Investors may be offered incentives

Mark Lister
Mark Lister
The Government is likely to offer incentives to encourage New Zealand investors to hold on to shares they buy in the state-owned energy companies being prepared for listing.

Craigs Investment Partners head of research Mark Lister told the Otago Daily Times the Government might look to Australia and follow the example set with the earlier sale of Queensland Rail.

In that instance, the Queensland state government introduced an incentive-type scheme for retail investors. If the investors, typically described as "mums and dads", held the shares for a set period of time - around two years - they received free loyalty shares.

"That made it more attractive for retail investors as they were getting something for nothing. It also provided incentives to stick with the company for a long period of time rather than chase a sale on the first day.

"We think our Government will look at incentives down the line."

Mr Lister and Craigs' head of investment management, James Beale, were in Dunedin yesterday as part of a nationwide tour to talk to clients and investors.

Part of the presentation was on the partial sale and listing of government-owned energy companies Mighty River Power, Genesis Energy and Meridian and coal producer Solid Energy.

Mighty River was likely to be listed on the NZX in the third quarter of this year.

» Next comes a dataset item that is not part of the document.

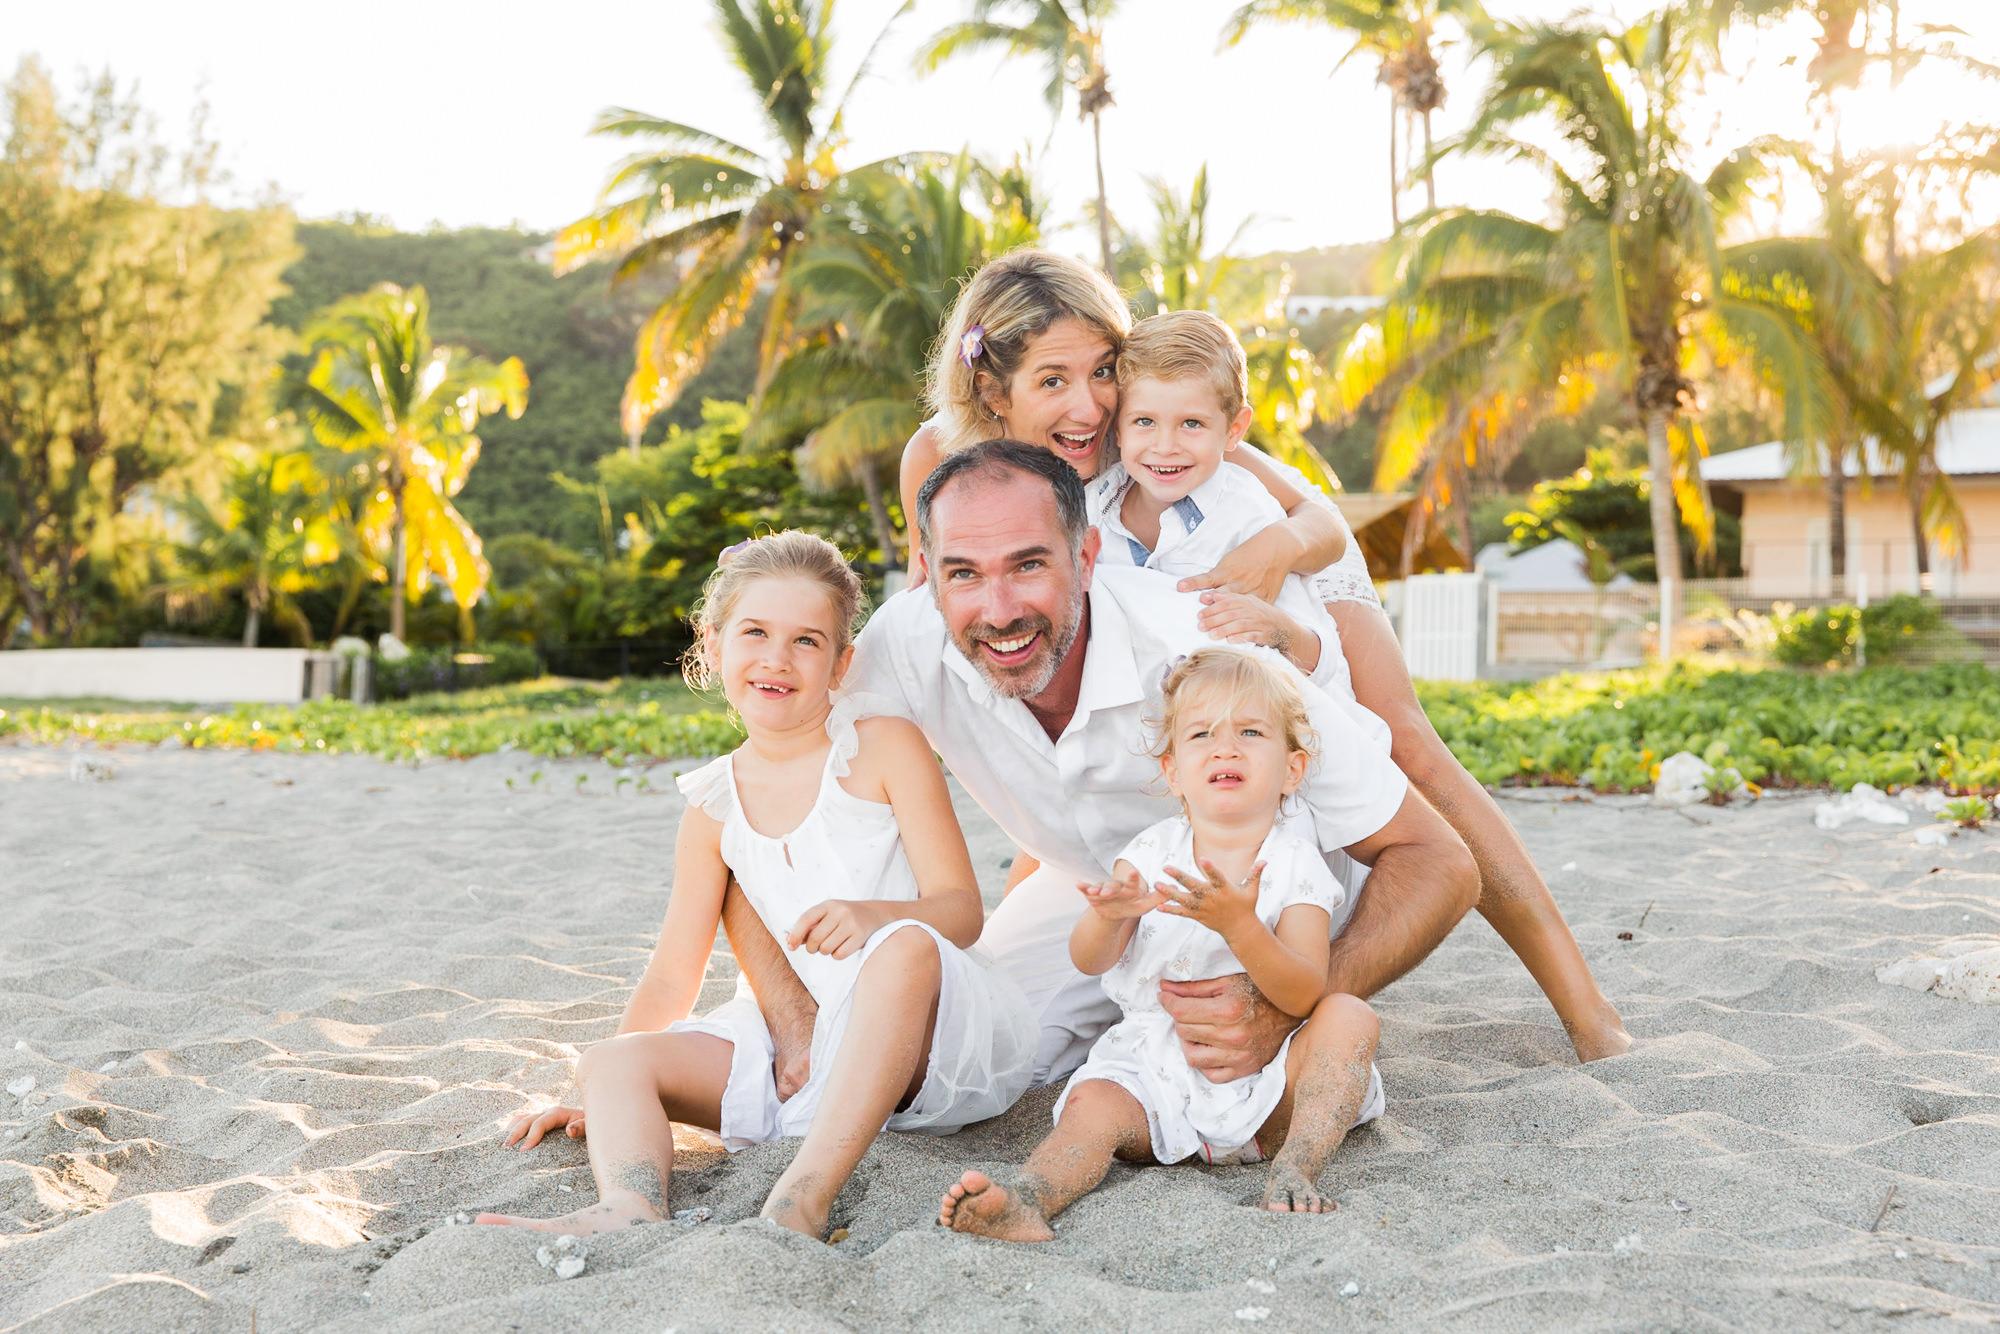 famille-enfant-plage-shooting-seancephoto-photographe-reunion-saintgilles-saintpaul-lifestyle

Opposition to the sell-down has been growing with petitions launched and supported by Grey Power, some student associations and the Labour Party.

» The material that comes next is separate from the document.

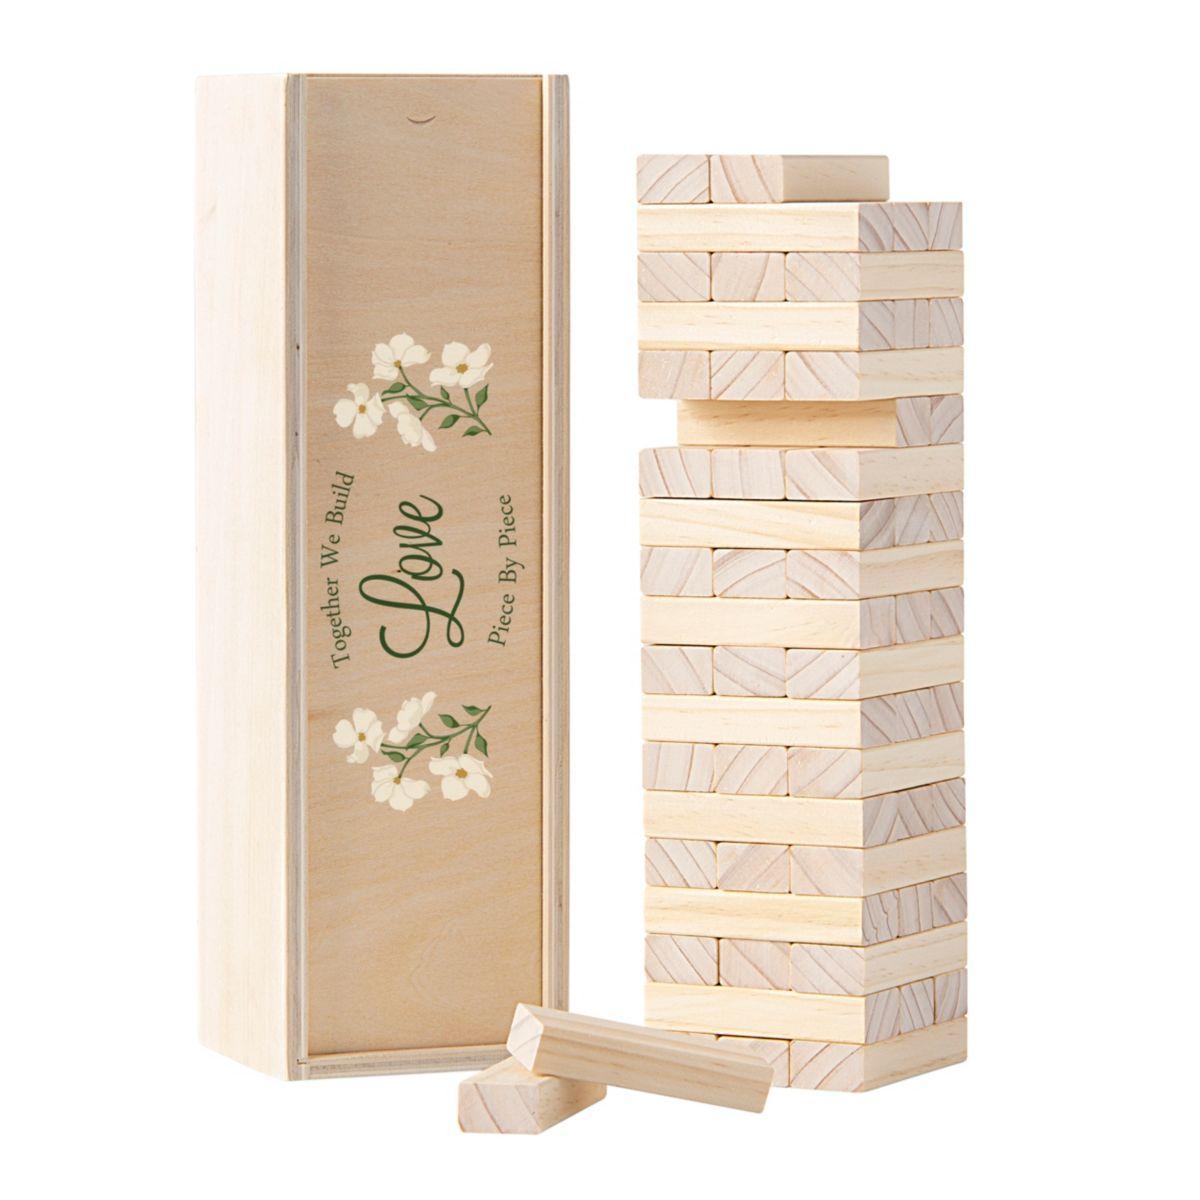 Floral Building Block Wedding Guestbook

Prime Minister John Key had promised that New Zealand shareholders would be first in line for the SOE shares although there is no way of ensuring they stay in New Zealand hands after the first sale.

Messrs Lister and Beale were quick to steer clear of any political questions.

Mr Beale said about 90% of questions from investors were about the assets and the sell-down process. The remainder were on political issues.

There had been strong investor interest in acquiring shares in the company and some questions were around how investors could get the shares when they were allocated.

The energy companies were high-quality businesses and Craigs wanted to keep its clients in the companies.

"If they are providing long-term income for investors, why not keep them?"

The electricity companies had provided steady profit growth and Mr Beale expected that growth to continue. But he was not rushing into judgement before viewing a prospectus.